I realized I was starting to go insane. Four bars, over and over.
So I did something I truly did not want to do: I stopped the live feed video and turned off my computer.
I could have had a completely different reaction. I could have just allowed my brain to be lulled into anything they were offering; to effectively be hypnotized into the kingdom.
I wonder how often that happens.
Appendix:
We dropped by one of our local casinos, mostly to see what the restaurant was like. No money changed hands. I’m always struck by the blinking lights that lure in the customers, but it was something on the auditory side of things that struck my wife. I’ll let her describe it:
The room was huge, I don’t know how many square feet, but we figured that it contained 6 or 7 hundred machines. Just a few green baize tables in the centre, surrounded by slanted rows of blinking, shining machines. Each one a variation on slots, with different colour schemes, different images, but the same configuration.

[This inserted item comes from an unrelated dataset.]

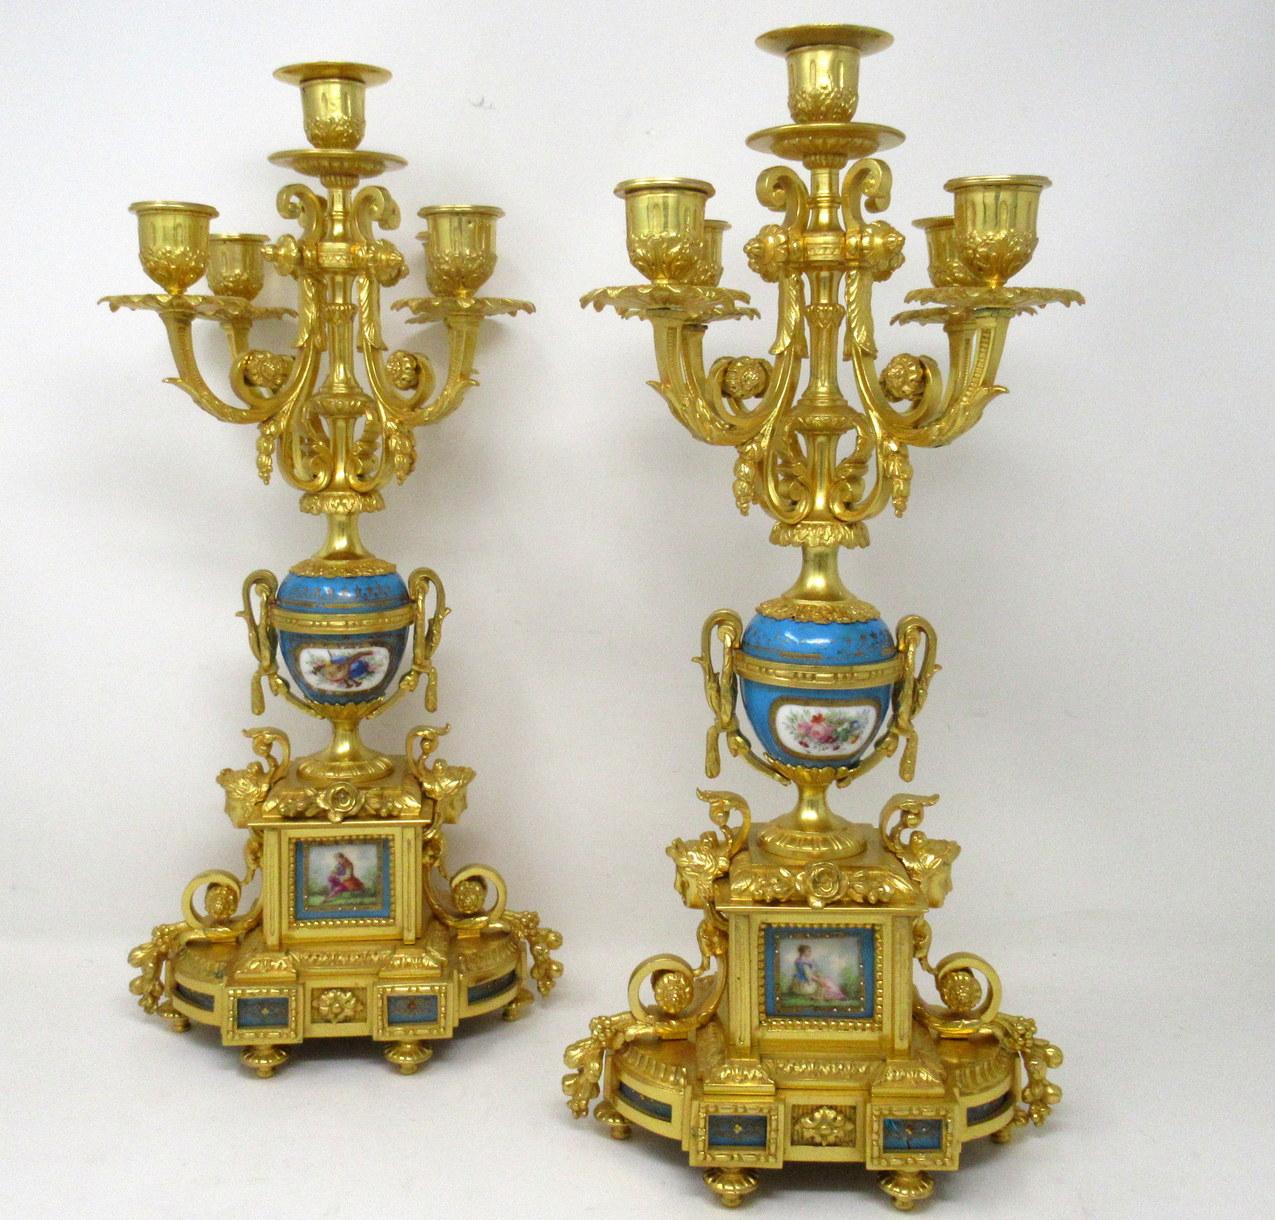 A fine stylish and imposing pair of French five light table or mantle sevres porcelain mounted Ormolu Candelabra of outstanding quality. Early to mid-nineteenth century. 

Each with four scrolling leaf capped and one central branch above a

The volume of sound, the pleasant sounds generated by the machines – of dinging and pinging and chirping and ringing – in the casino seemed almost deliberately modulated. Just loud enough to be engaging, but not loud enough to distract or interfere with conversation.
But the further we went into the room, the more it became apparent that every one of those 6 or 7 hundred machines was pinging and dinging in the same key. The same musical key. No discord, no clash, no change as you walked through. Exactly the same. It surrounded us like a warm pool. You could hum along with it.
And the more you listened – the more you swam through it – the more you became aware that most of the pinging and ringing and chiming was the same note. An octave or two apart, but the same sound, the same tone over and over and over, following you through, or propelling you. At just the right volume, with no irritating edges. Soft, round, mellow.
Hypnotic? Maybe. Deliberate? No doubt.